Work task:
Beginning at the line that contains "Apartment in Ruse, Bulgaria, 85", repeat each line exactly through the last one of the records below, and leave out the pictures.

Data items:
* * *

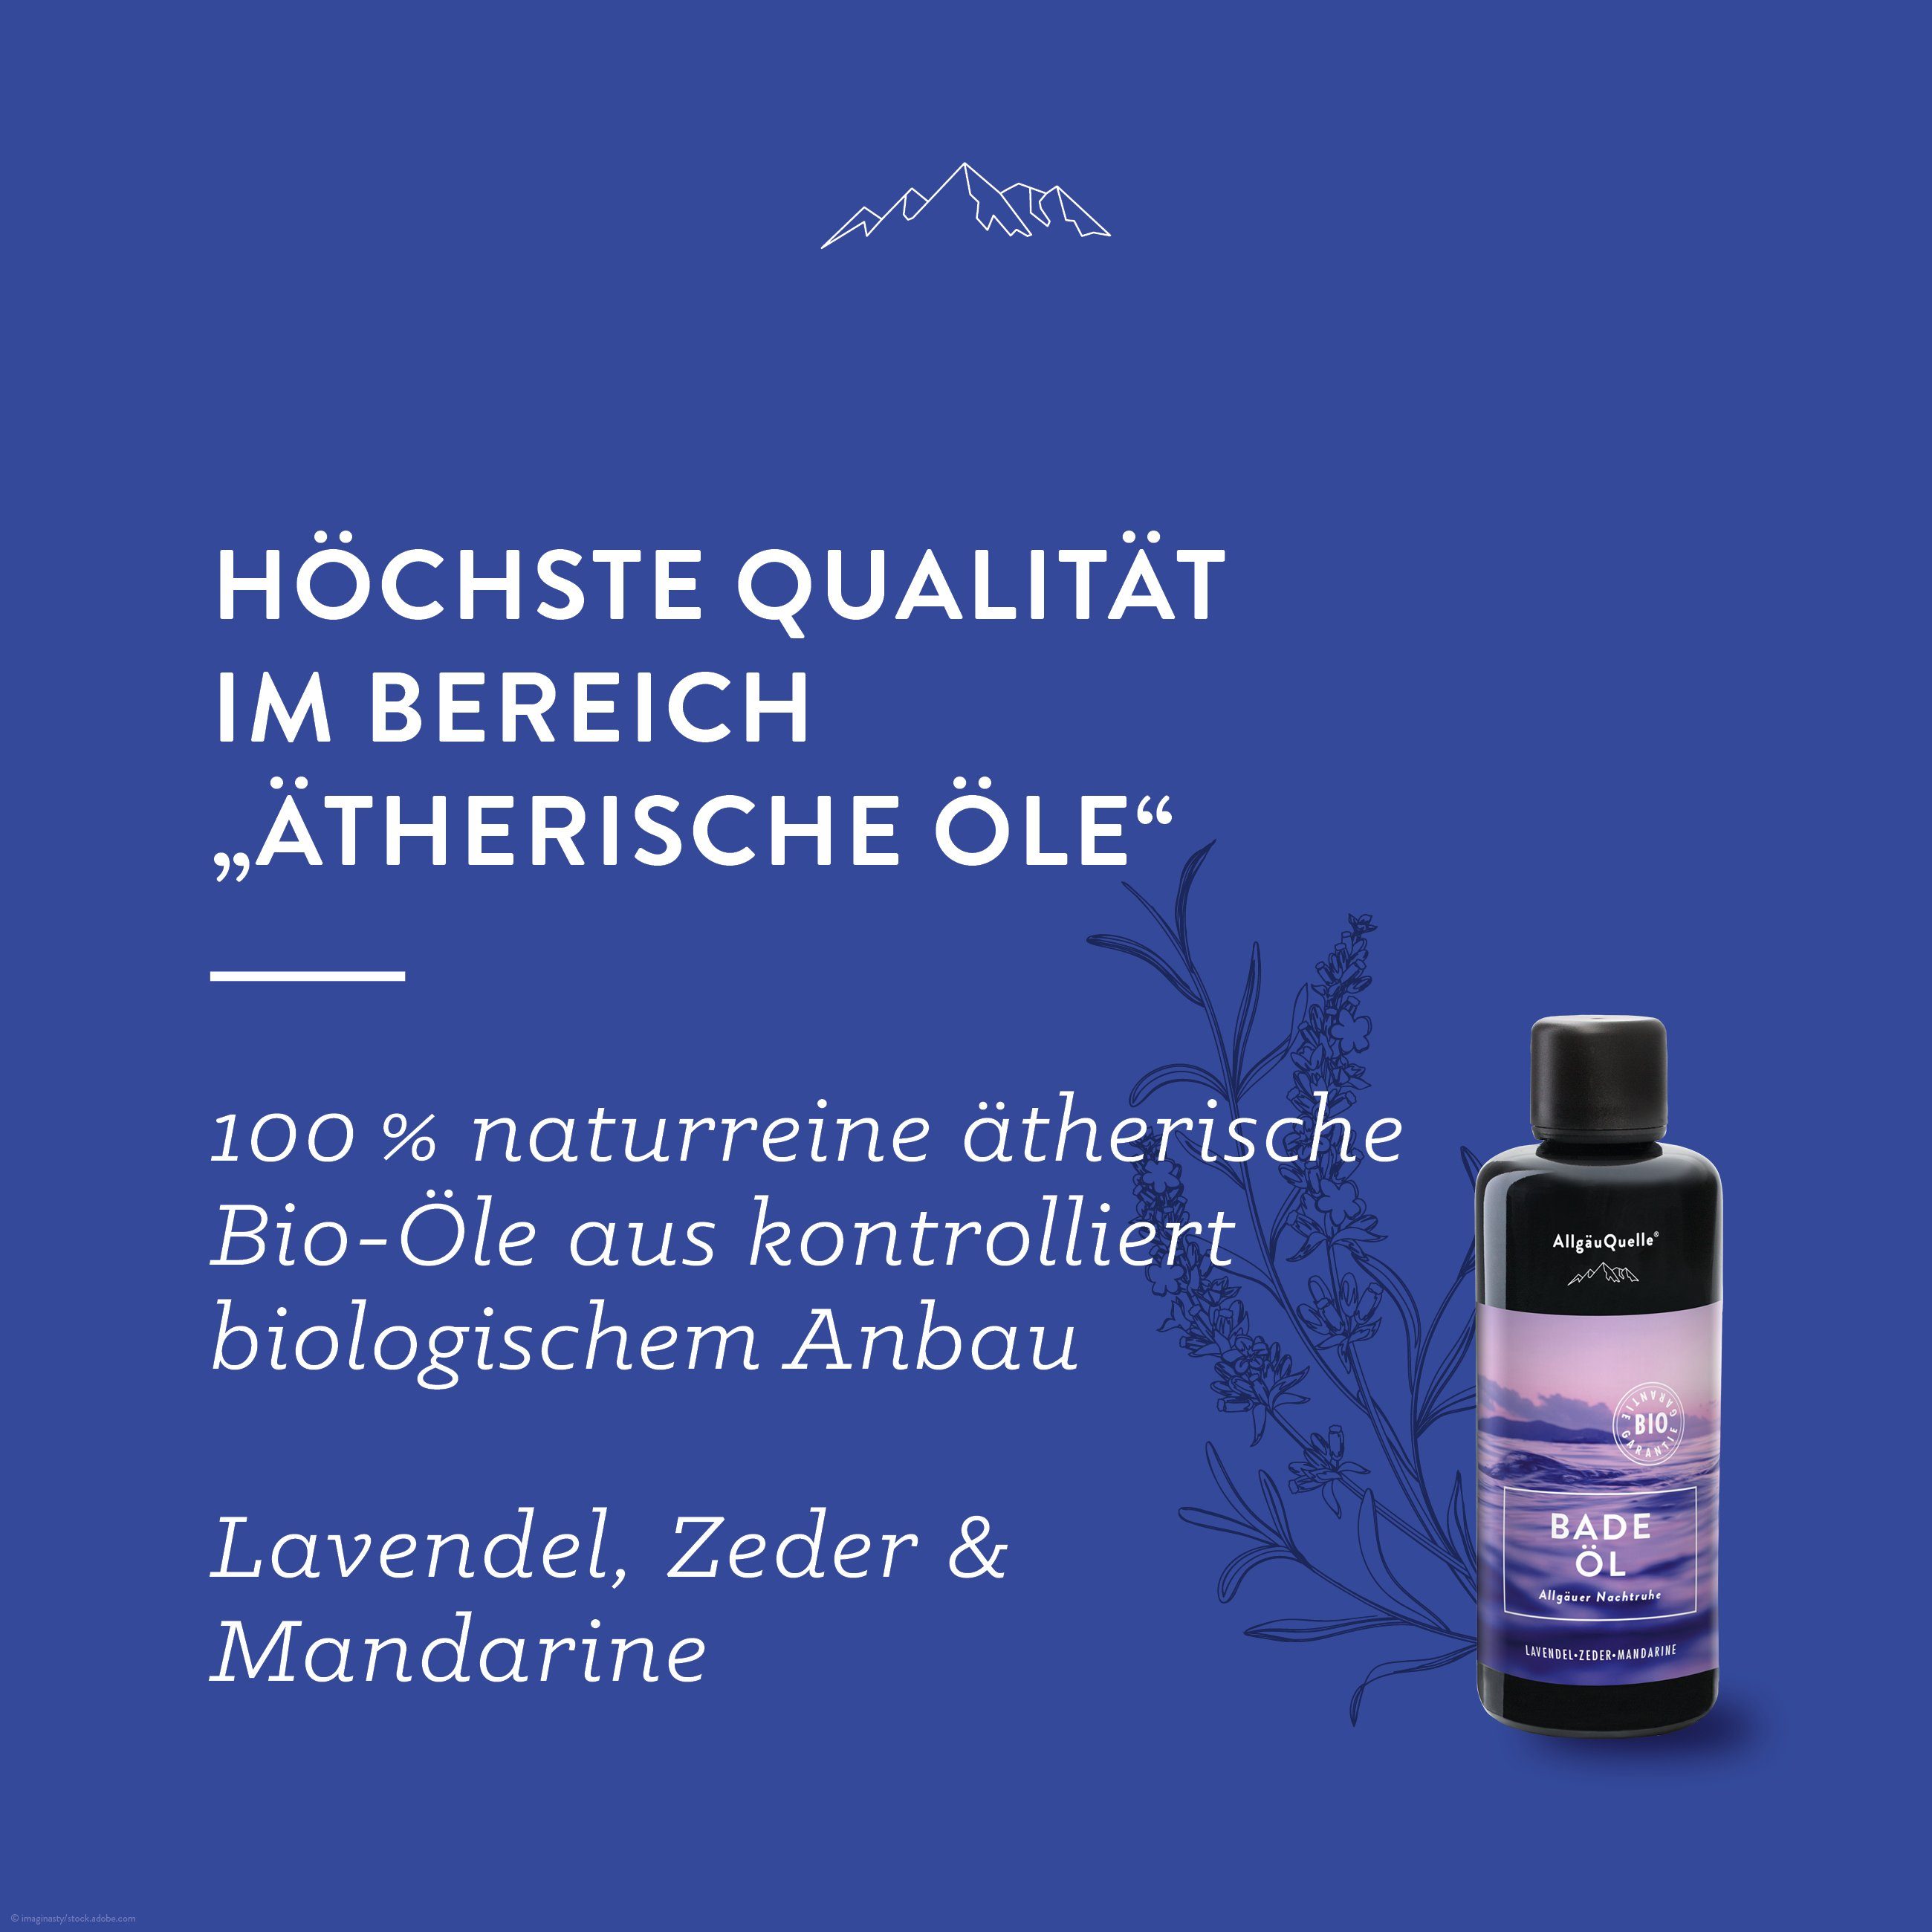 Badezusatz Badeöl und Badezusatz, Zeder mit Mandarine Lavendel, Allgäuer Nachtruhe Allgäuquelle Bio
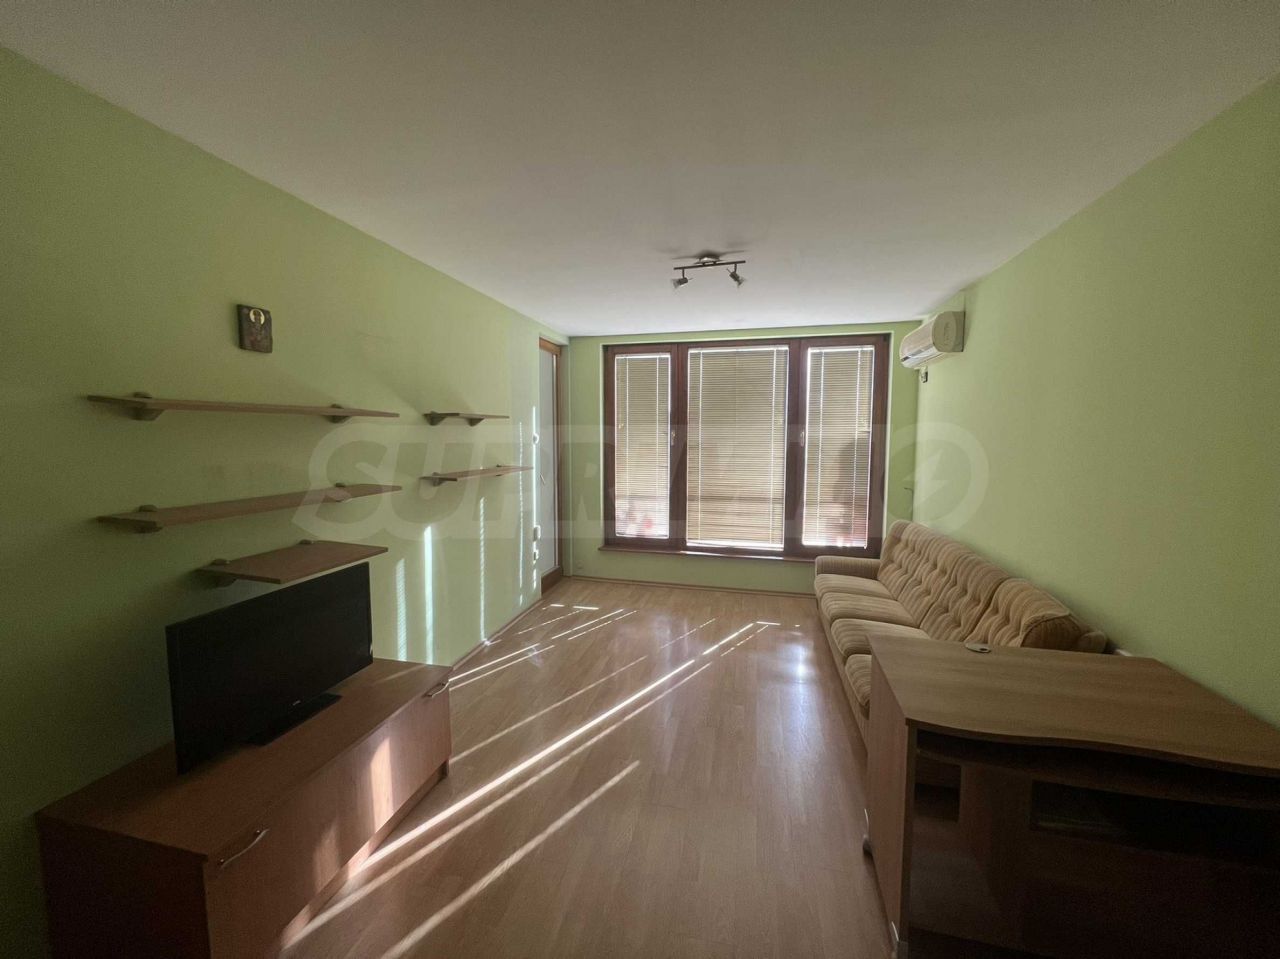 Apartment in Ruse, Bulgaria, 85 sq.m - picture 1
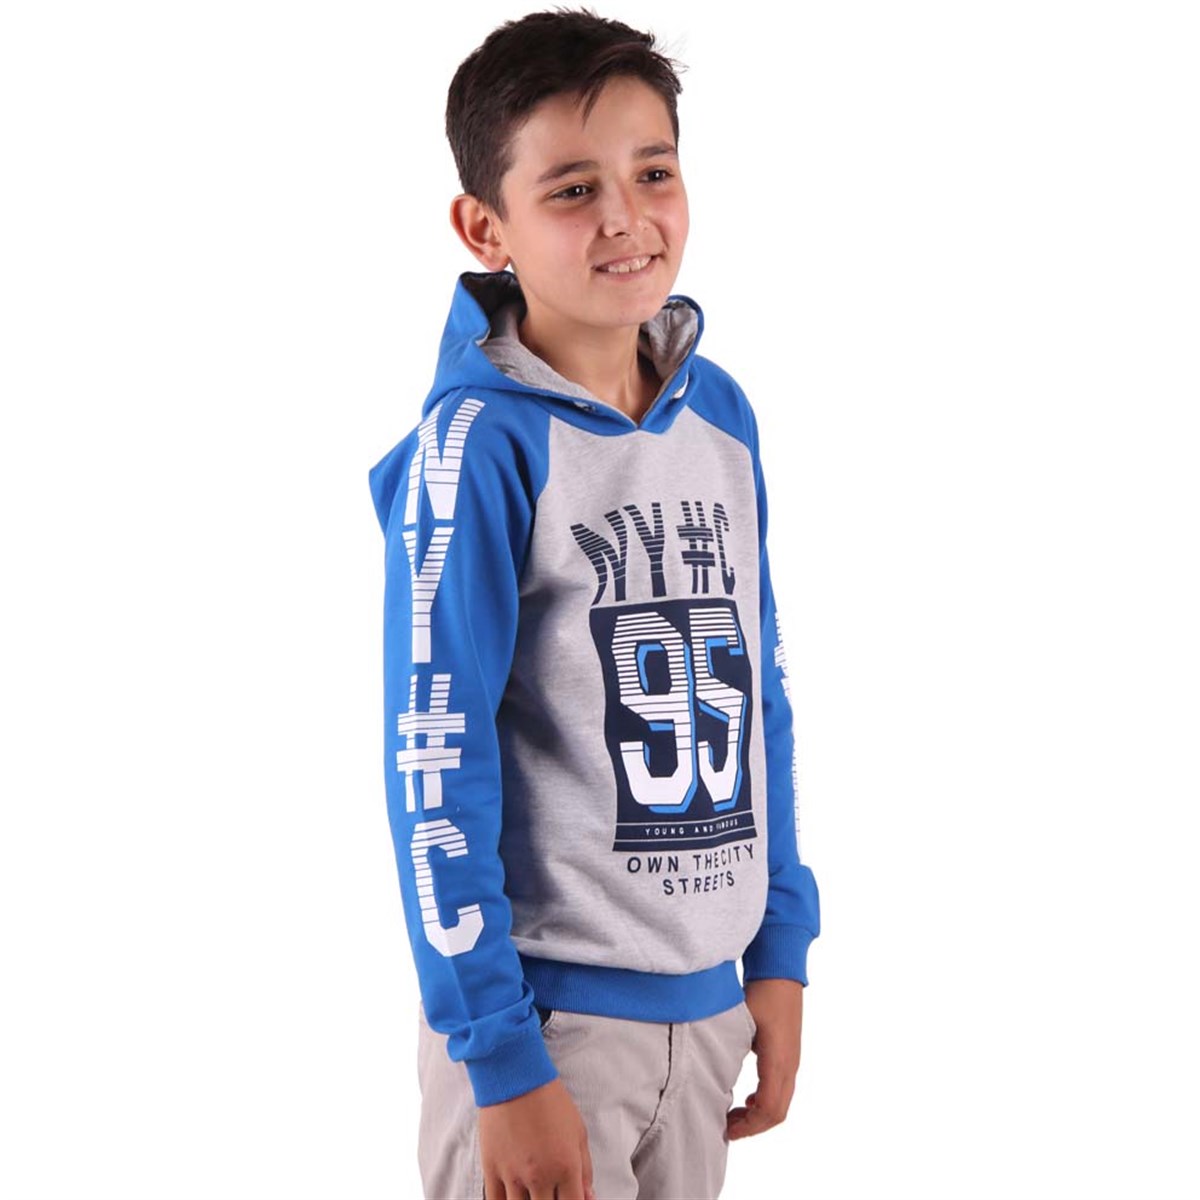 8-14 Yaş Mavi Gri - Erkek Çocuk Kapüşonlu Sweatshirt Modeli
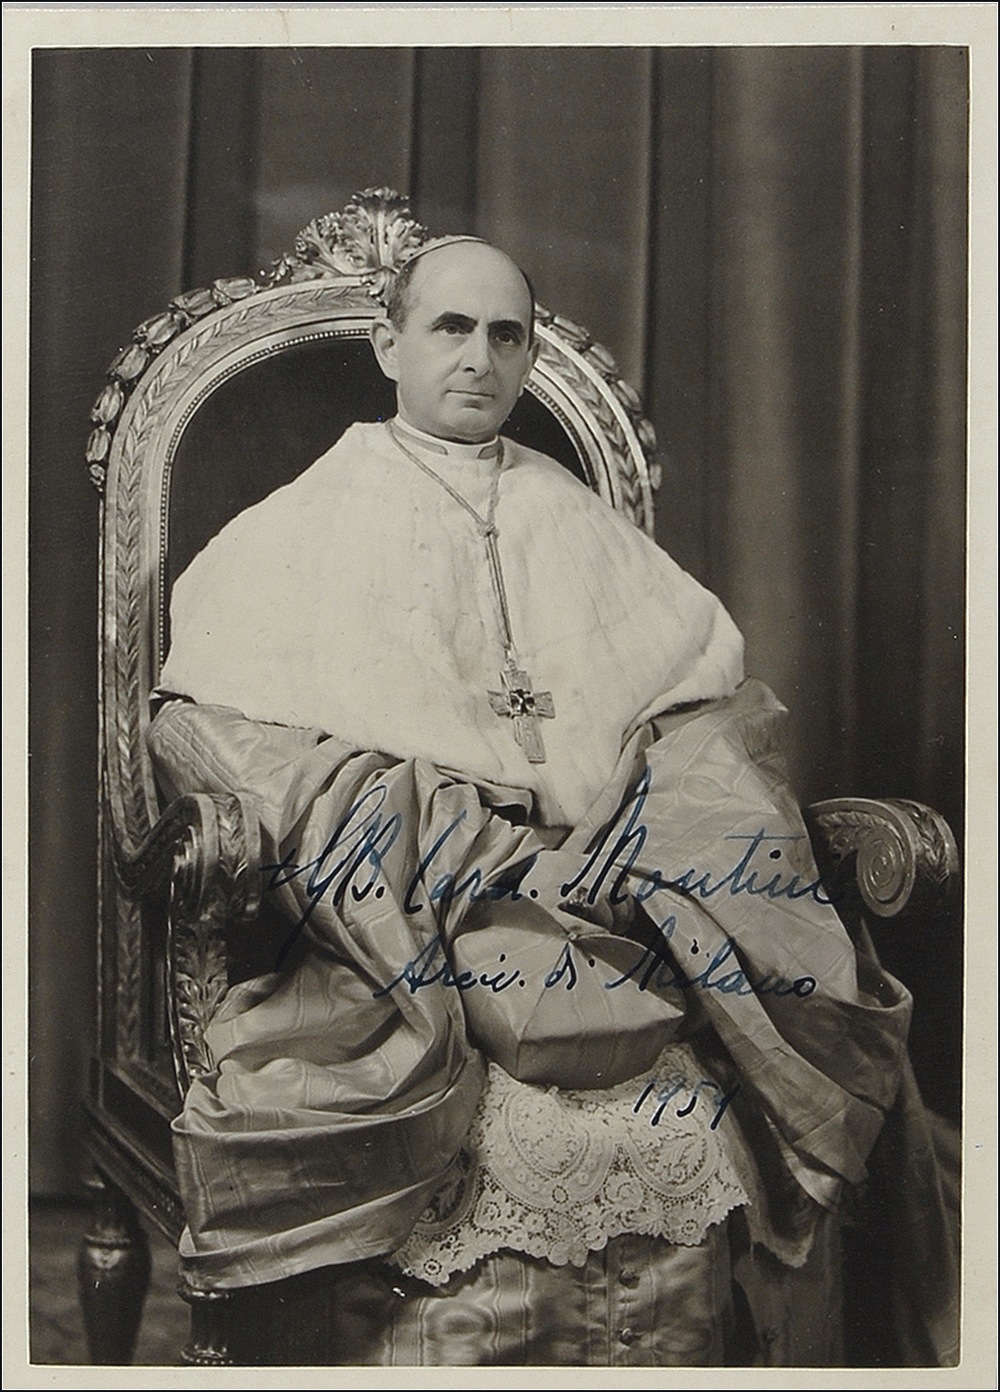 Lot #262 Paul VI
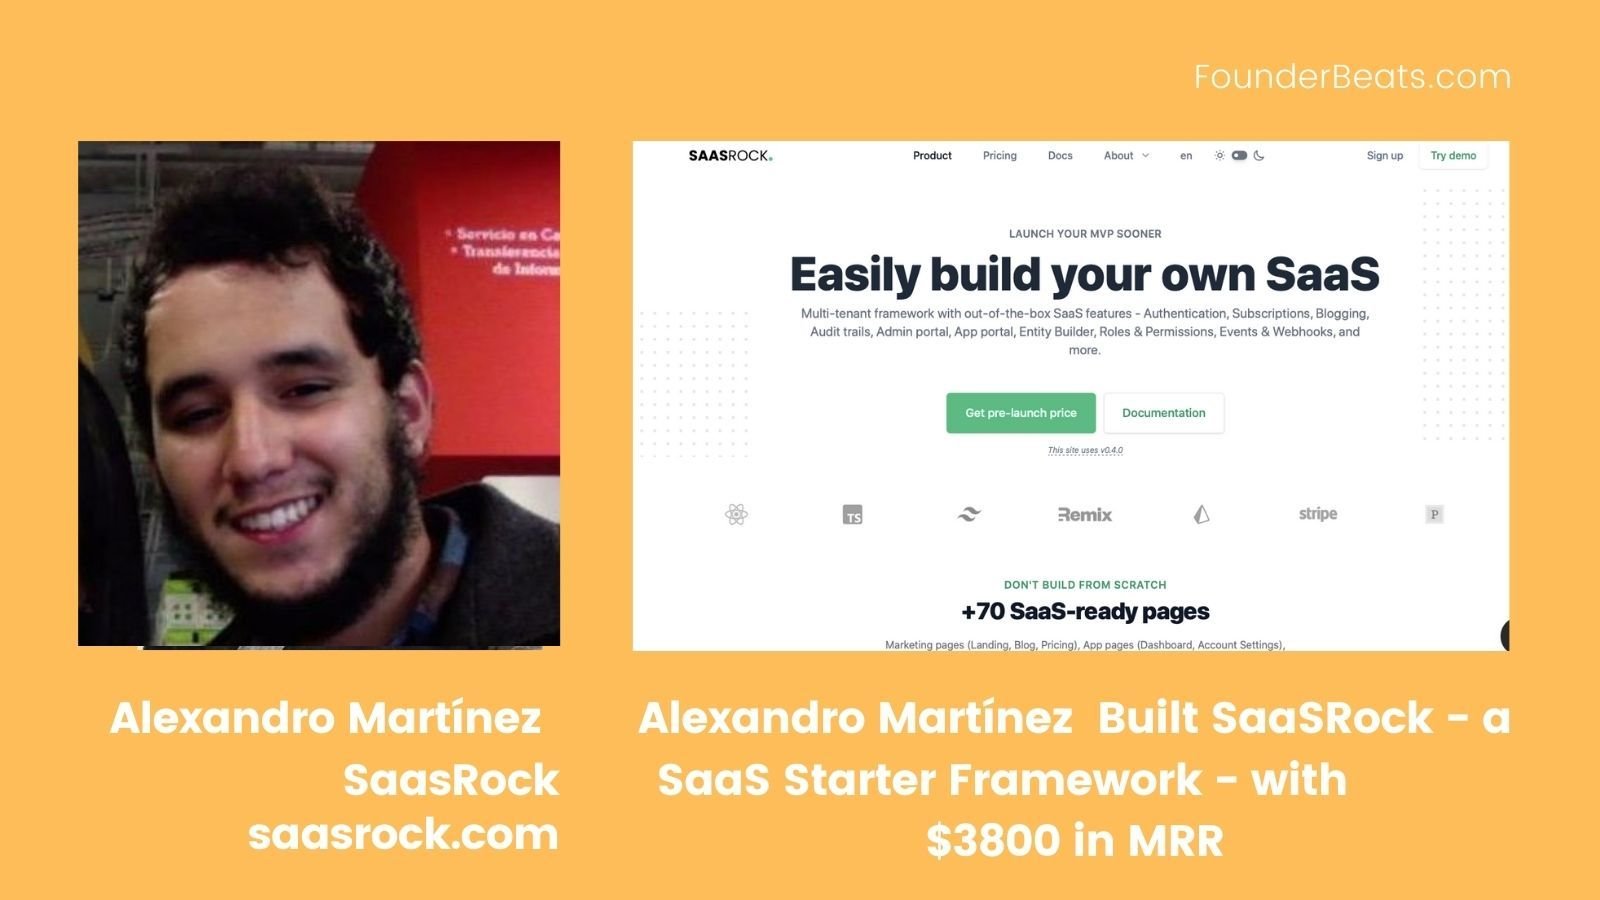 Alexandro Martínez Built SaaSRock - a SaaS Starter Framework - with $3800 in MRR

* * *

Solution for this exercise:
 Apartment in Ruse, Bulgaria, 85 sq.m - picture 1
 8-14 Yaş Mavi Gri - Erkek Çocuk Kapüşonlu Sweatshirt Modeli
 Lot #262 Paul VI
 Alexandro Martínez Built SaaSRock - a SaaS Starter Framework - with $3800 in MRR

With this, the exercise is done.